* _Dataset extract_
┌────────

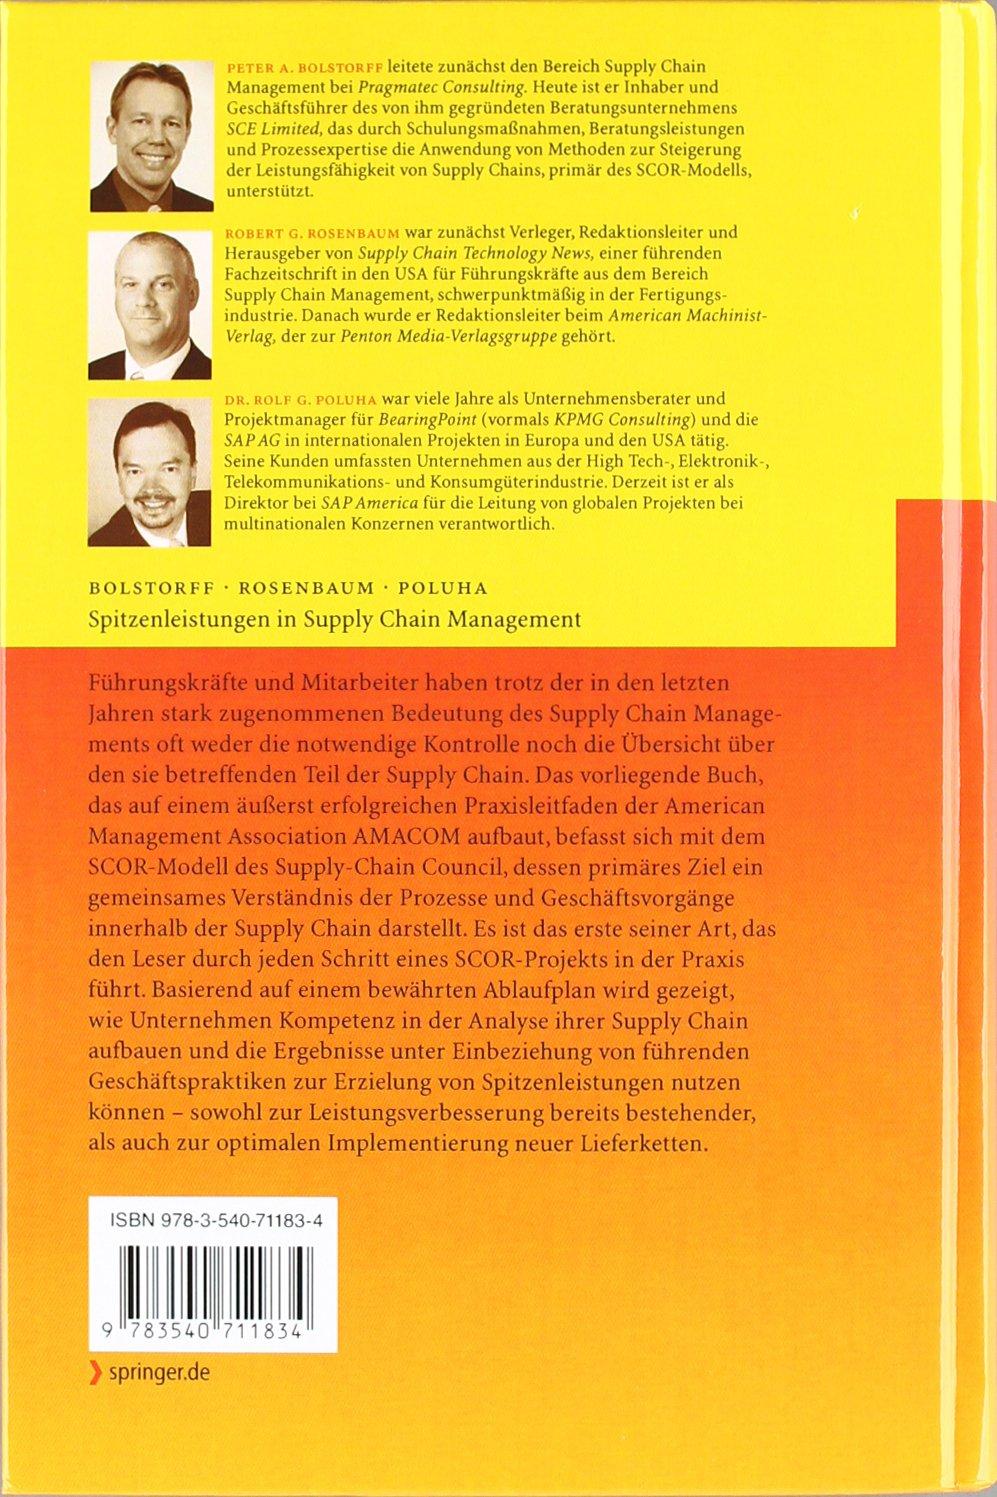 Spitzenleistungen Im Supply Chain Management: Ein Praxishandbuch zur Optimierung mit SCOR (German Edition) by Springer
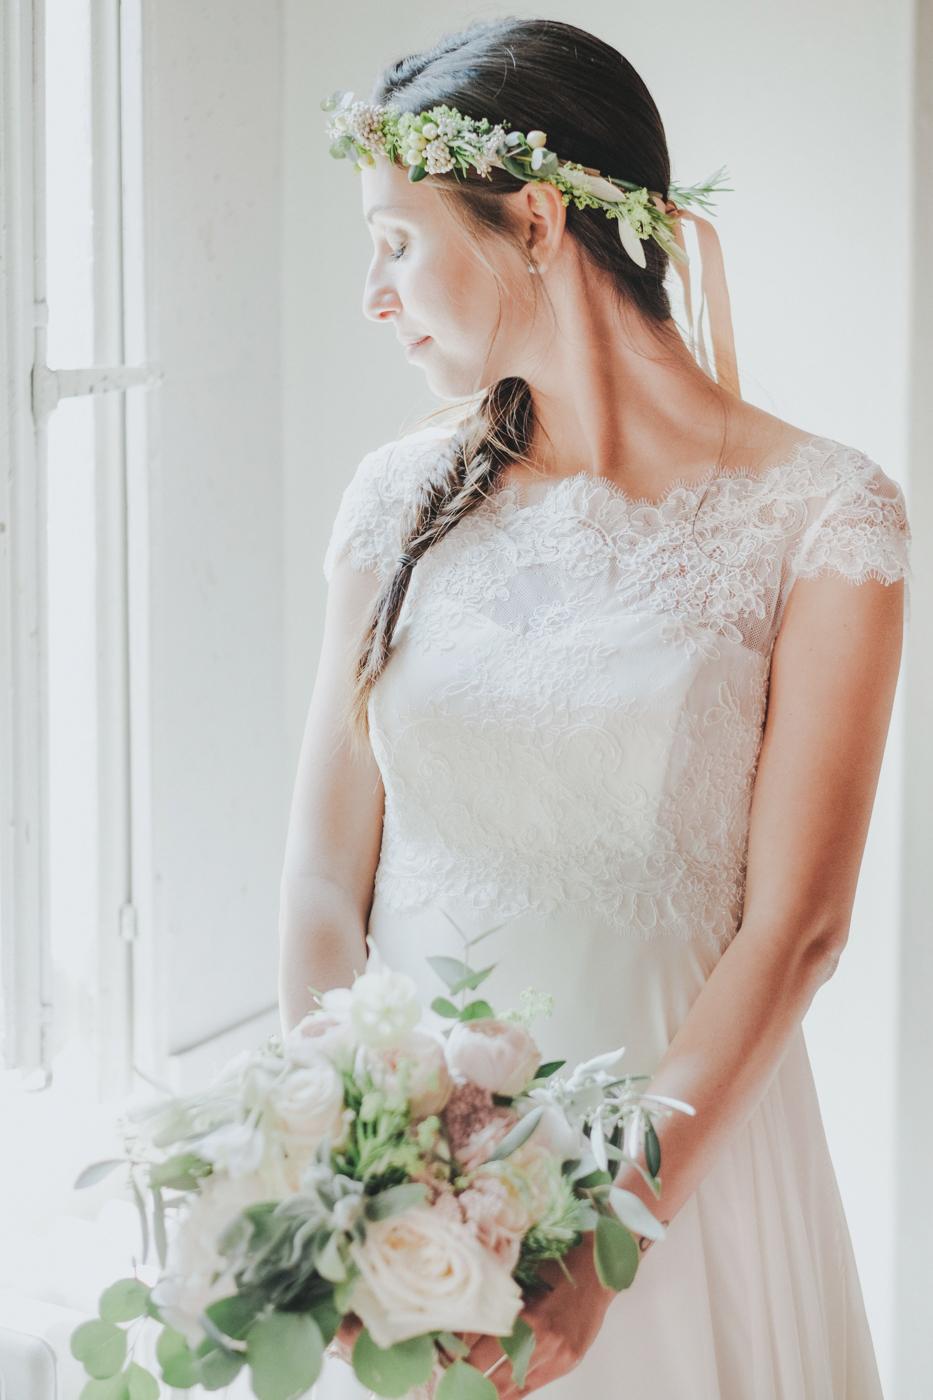 fotografo matrimonio como-32.jpg
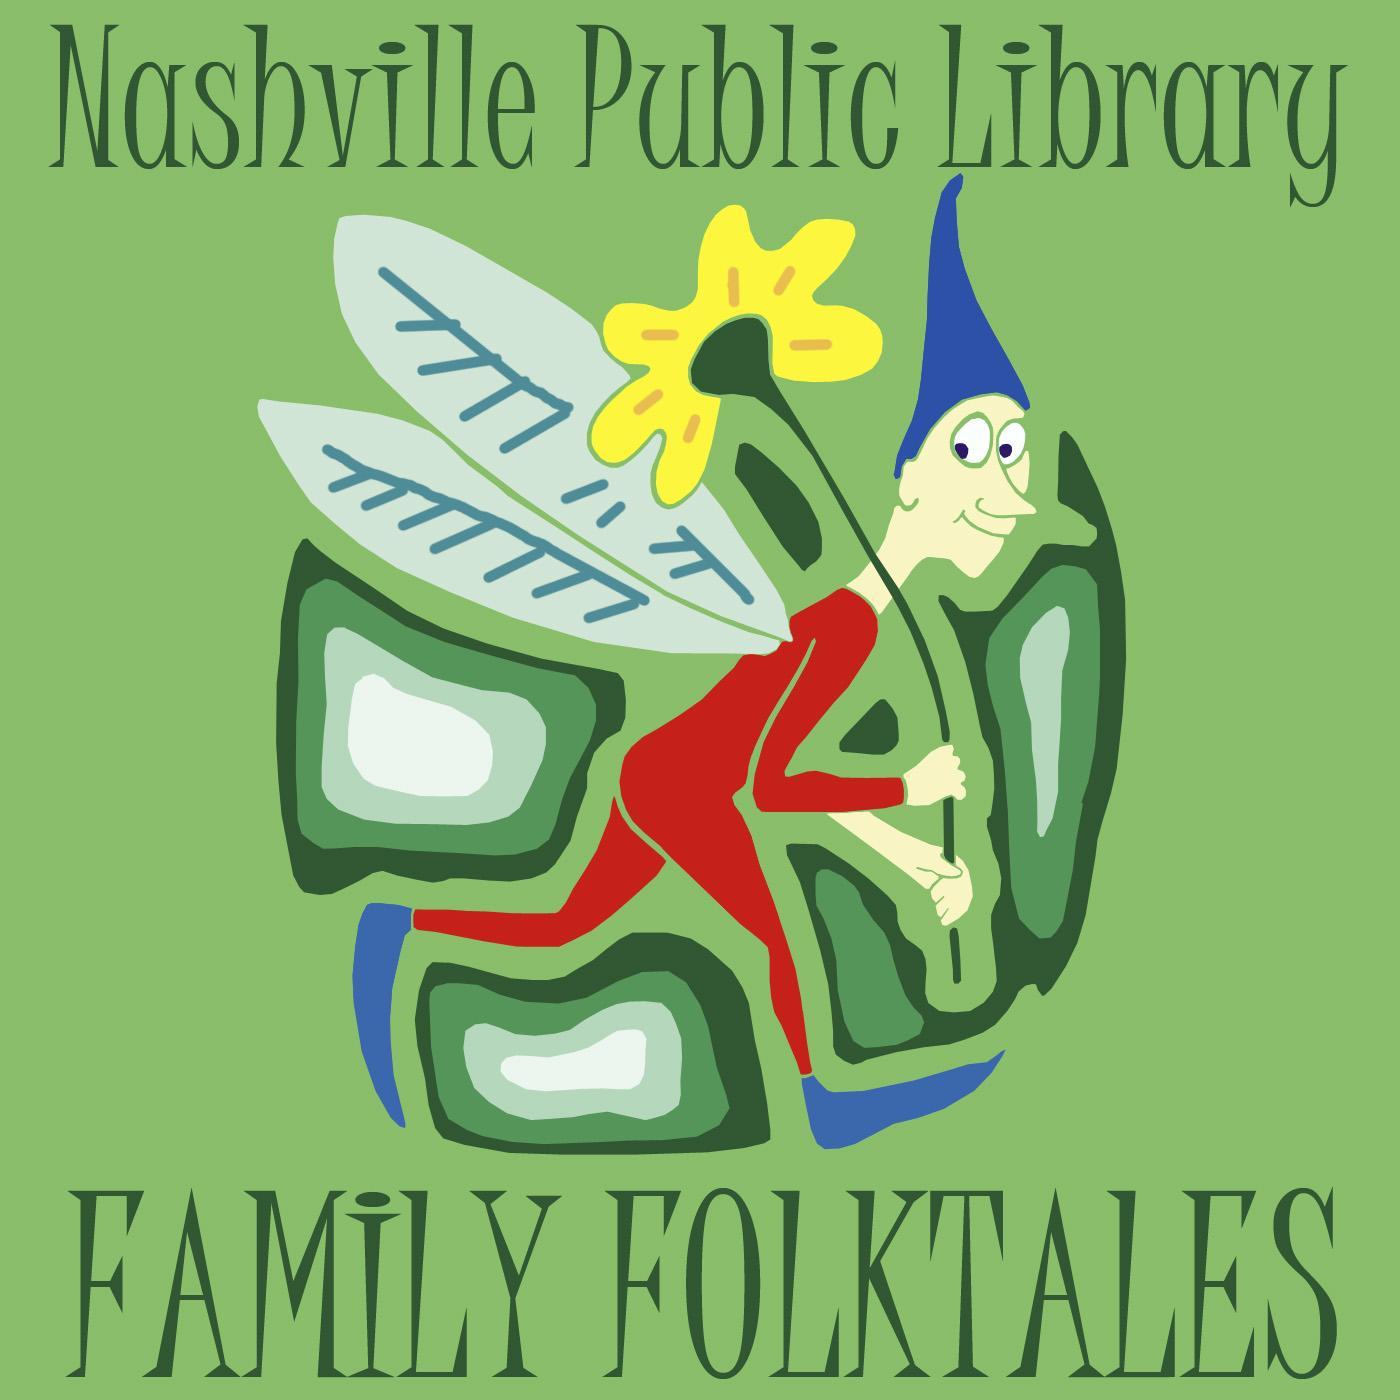 family folktales logo

└────────

* _Task statement_
In your copy, reproduce the data above exactly and skip every picture.

* _Answer for this exercise_
 Spitzenleistungen Im Supply Chain Management: Ein Praxishandbuch zur Optimierung mit SCOR (German Edition) by Springer
 fotografo matrimonio como-32.jpg
 family folktales logo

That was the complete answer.